One million is about 10% of the world’s species, right? They’re facing extinction. They’re threatened with extinction. That’s an urgent problem.
The problem is moreso that we actually don’t know precisely what we’re losing and how fast the international unit for conservation of nature red list, which is the official international organization that tracks the biodiversity of the world, also nicknamed “the barometer of life.”
When we say that the species are endangered, it’s because the species commission for that of IUCN Red List for that species has determined, according to some indicators, that that species are endangered.
Of the 160 or so thousand species that they’re tracking out of nine million, what does it mean, “tracking”? About 20,000–more than 20,000 species–their official conservation status is data deficient. Meaning that we don’t have any data on how many, where they are, what’s their range? Is the population going up, down, stable? Nothing. Not even enough to say that they’re endangered or vulnerable. About 66,000 more, the population trend is unknown.
These are not obscure species. These are killer whales. They’re data deficient. Orcas, polar bears, iconic conservation species. The population trend is unknown.
Even for species like whale sharks, which is the largest fish on Earth, where we do know the, presumably the global population size, the global population size in 2009 was estimated to be 103,000 with a standard error between 27,000 and 180,000.
You’re data scientists here, or some of you at least are. That’s a very scientific way of saying we have no clue.
UN and UNESCO and UN have said that biodiversity has a data crisis. So that’s a call to arms to me. I’m a computer scientist, a data scientist, and an AI researcher.

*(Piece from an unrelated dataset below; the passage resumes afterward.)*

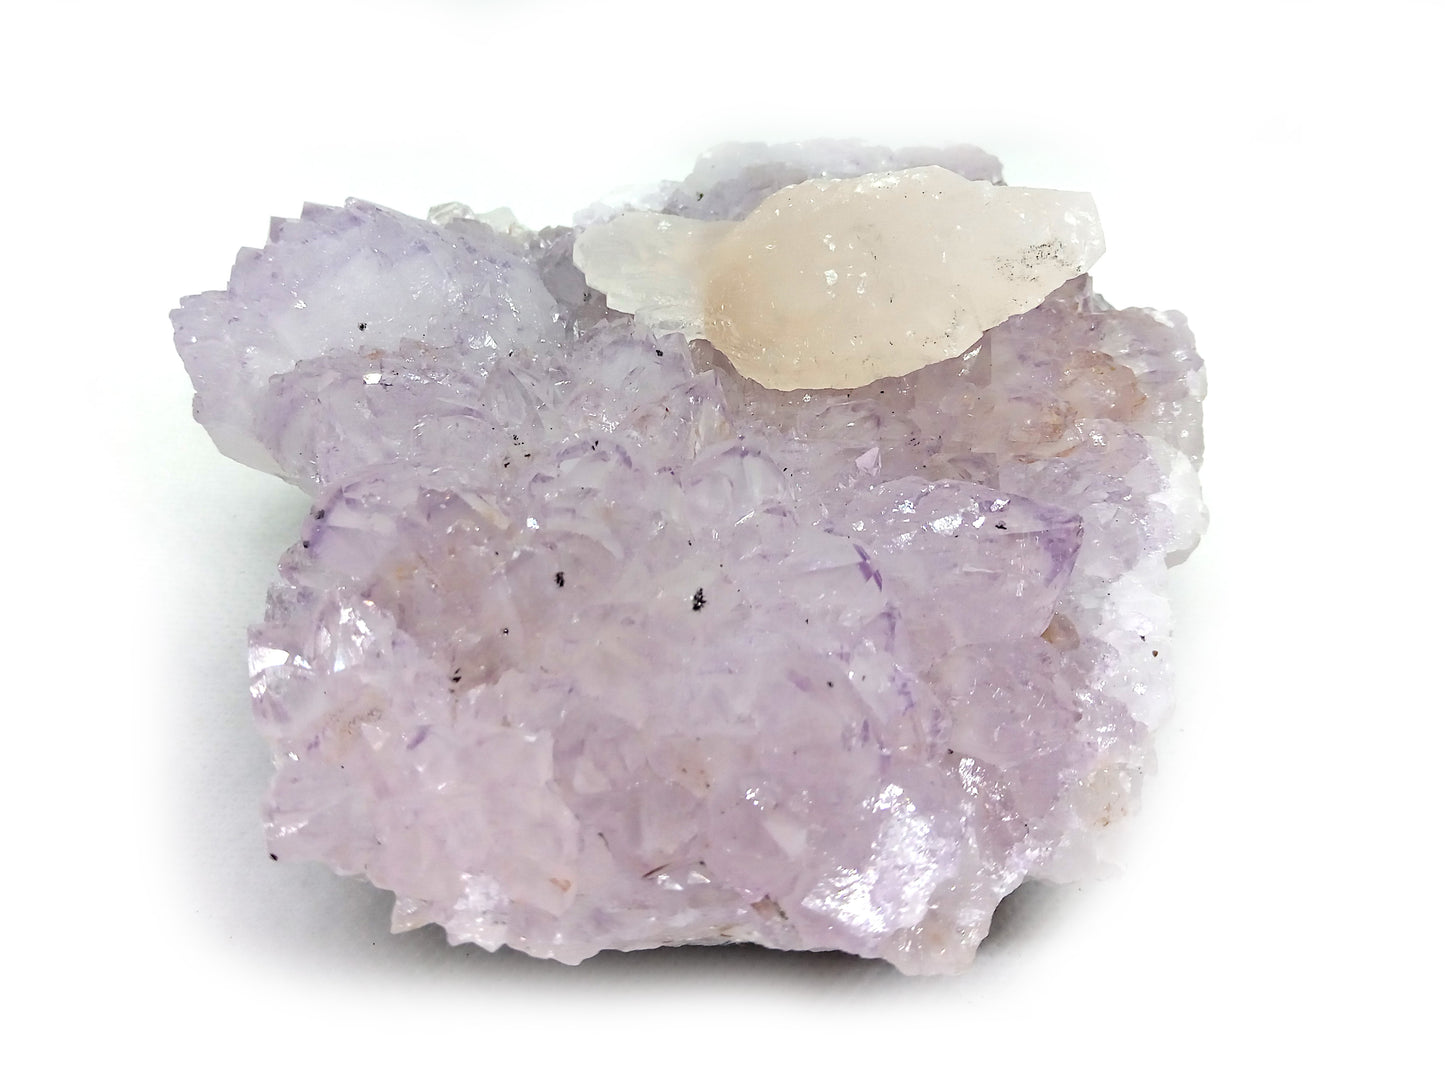 Rose quartz-amethyst with calcite

I’m not the one to go out in the field and do the field work necessary to save, and to protect the species. But when there is a data problem, this is something we can do. We can do something about it.
What do we do about it? How do we get data on endangered species?
Well, images today are the world’s most abundant, readily available source of information about anything from what you had for lunch or will have, to what animals you see in your backyard, or if you go on the whale watching tour here.
Raise your hand if you’ve taken a selfie or a photograph with your phone in the last week.
Okay, good. That’s why we have so many images.
In fact, just one platform, citizen science platform on nature observation, iNaturalist, has more than 120 million images, observations of nature of about 400,000 species out there. That’s incredible. Just one platform. We have images about the natural world today coming from scientific projects, scientific and conservation projects directly from the big cameras and small cameras from camera traps, the automatic trail motion activated trail cameras from autonomous vehicles underwater on the ground and in the air, as well as, yes, all of us posting our pictures of nature directly on these citizen science platforms or just on social media. There are billions, in fact, images of nature out there. How do we take advantage of all of these images? Well, we’re starting, in fact, to develop the methodology.
Machine learning is maturing, particularly computer vision related. Machine learning is maturing. We can take an image and find objects, put a bounding box around them. We can classify the species. We can even identify individual animals. I’ll tell you a little bit about this. We can do pose estimation and stick a skeleton looking stick figure to show the pose automatically. We can even reconstruct the environment. We can do a lot.
How do we take all these millions of images and actually extract useful information about them? Can you count all the zebras in this image? I’ll give you three seconds. No. Okay, fine. We can, so we built a platform called WildBook, and by we, I mean the nonprofit Wild Me that I am a director of, in addition to all the other titles that I have including co-founder. We can take all these millions of images from all these different sources, and we built an AI pipeline that can find all the ones that contain animals, find where the animals are in those pictures, put a bounding box around each one, including the baby elephant, hiding behind its mom or the zebras in the bush. We identify not only species, but down to individual animals as in Zip the zebra and Jo the giraffe, Tara the turtle, and Willie the whale.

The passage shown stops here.